Cook Time: 40 minutes
Prep Time: < 10 minutes
Serves: 4 


Ingredients:

  • Roasted Balsamic Peppers and Onions (whole recipe)
  • 1 lb of organic kale, stem removed and chopped into bite sized pieces
  • 1 tsp of olive oil 
  • 3 cloves of garlic, minced
  • 1/2 lb of cremini mushrooms, wiped clean and sliced 
  • salt and pepper to taste
  • 1/2 a jar of organic tomato sauce
  • 8 sheets of no boil lasagna noodles
  • 1 cup of cottage cheese 
  • 1/2 cup of fresh mozzarella, grated
  • 1/4 cup of Parmigiano, grated
  • 1 tsp of Italian seasoning

Preheat the oven to 350F. Prep an 8x8 baking dish with olive oil spray. 


Bring a large pot of salted water to a boil. Add the chopped kale and swirl around. Let it cook for about 4 minutes or so. Drain the kale and set aside.


Heat the oil in a large skillet over medium high heat. Add the garlic, mushrooms and kale. Season with salt and pepper. Saute for about 5 minutes. Set aside. 
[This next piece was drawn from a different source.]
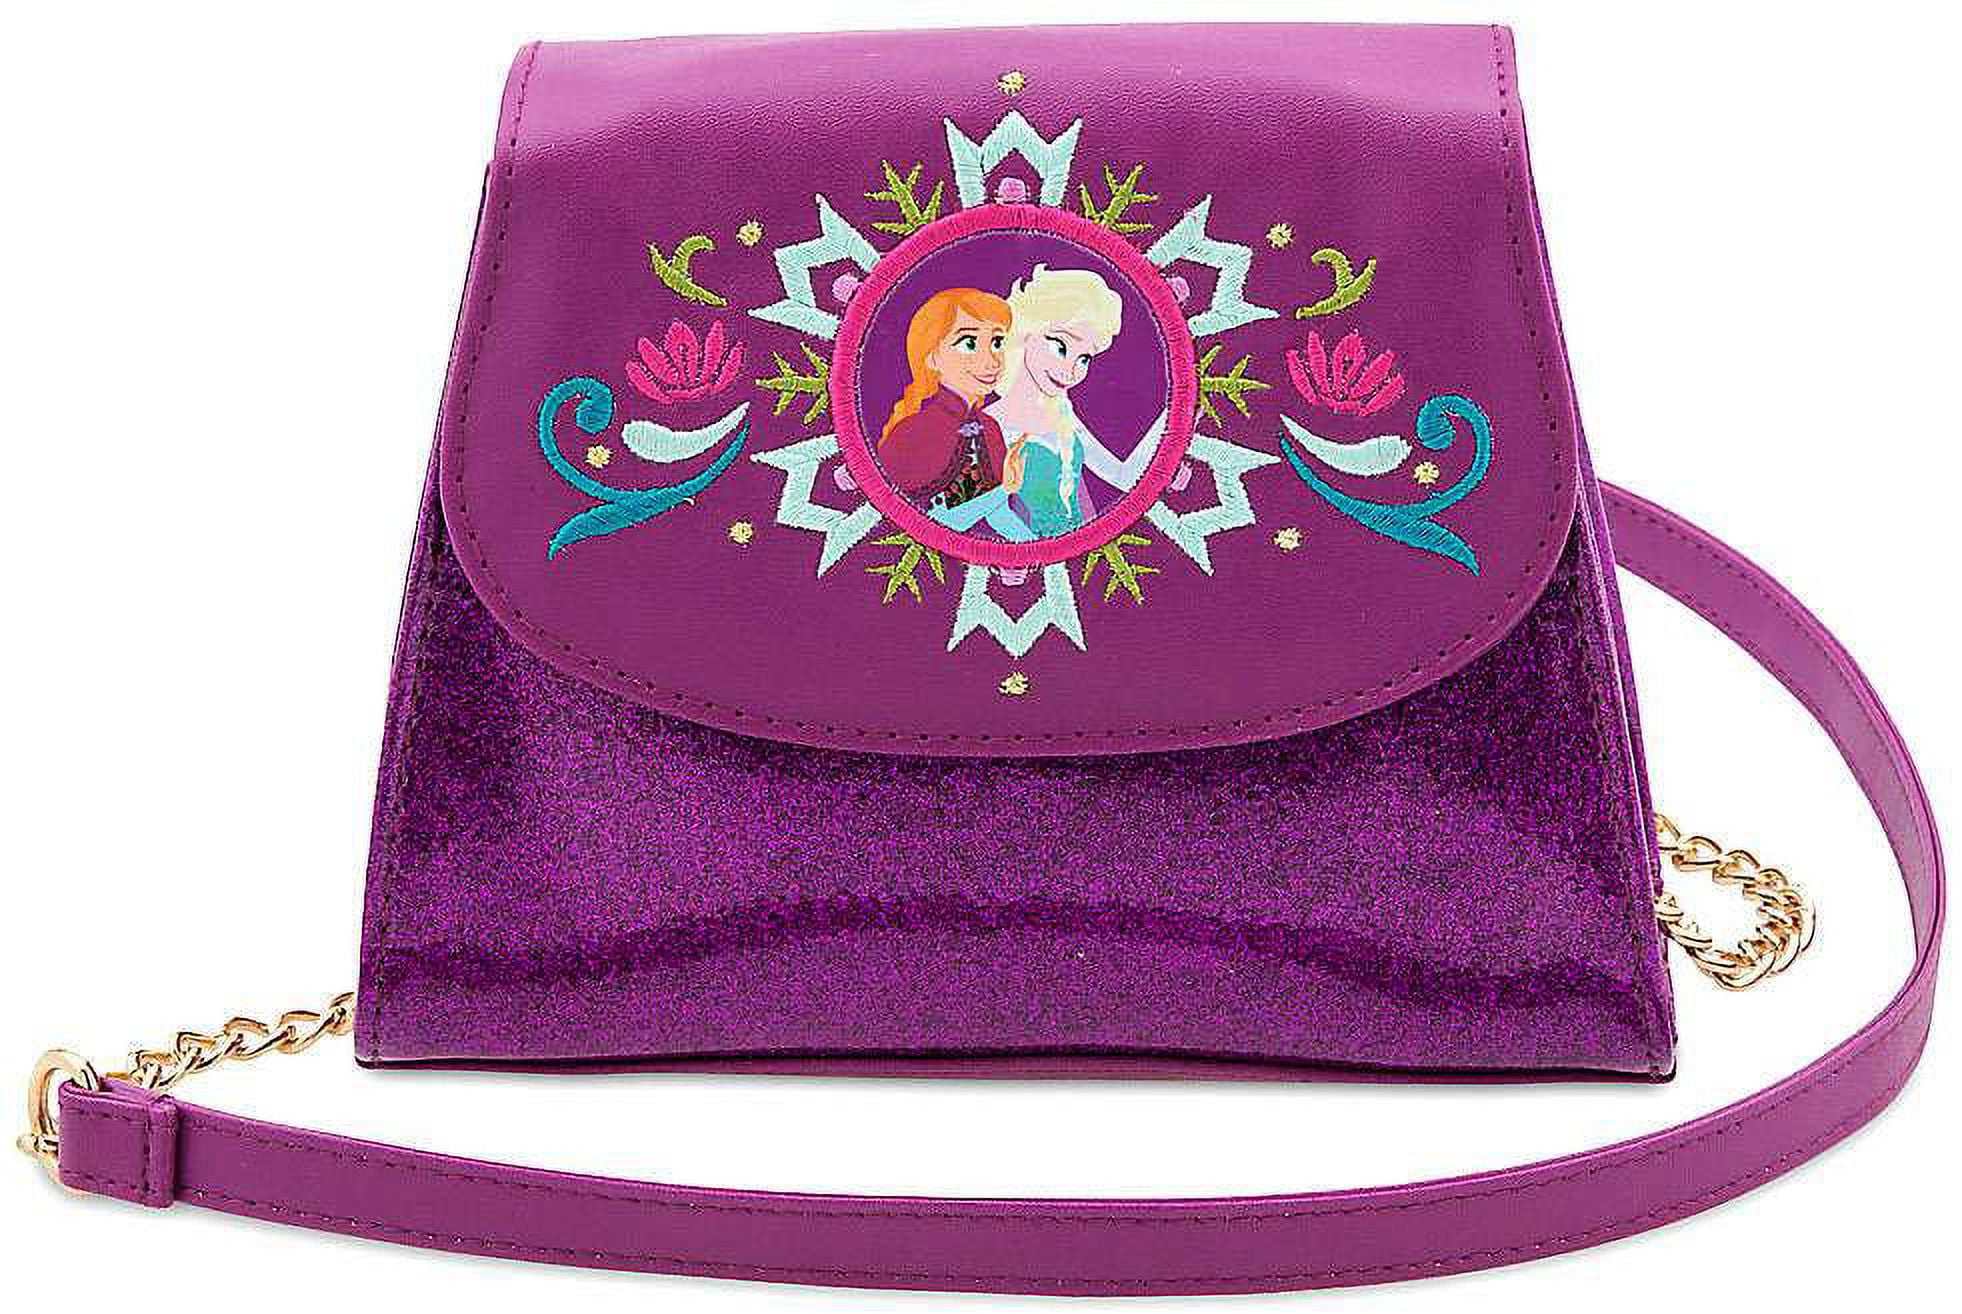 Disney Frozen Backpack Kids School Bag 30cm x 25cm - Quickdraw Supplies

Now it is time to assemble! Spread about 1/3 cup of tomato sauce on the surface of the baking dish. Then top with 2 lasagna noodles. Top the lasagna noodles with 1/2 of the kale mixture and 1/2 of the peppers and onions mixture. Place another 2 noodles on top of that. Spread 1 cup of cottage cheese and 2/3 cup of tomato sauces over the noodles. Top again with another 2 noodles. Spread the remaining kale and pepper/onion mixture over the noodles. Top with 2 more noodles. Spread 1/2-2/3cup of tomato sauce over the top (enough to cover the entire surface). 


Sprinkle the cheese on top of the sauce evenly. Sprinkle the top with the Italian seasoning.


Transfer the dish into the oven and bake for 30 minutes. 


Remove from the oven and let it rest for about 5 minutes. Cut into 4 pieces and serve.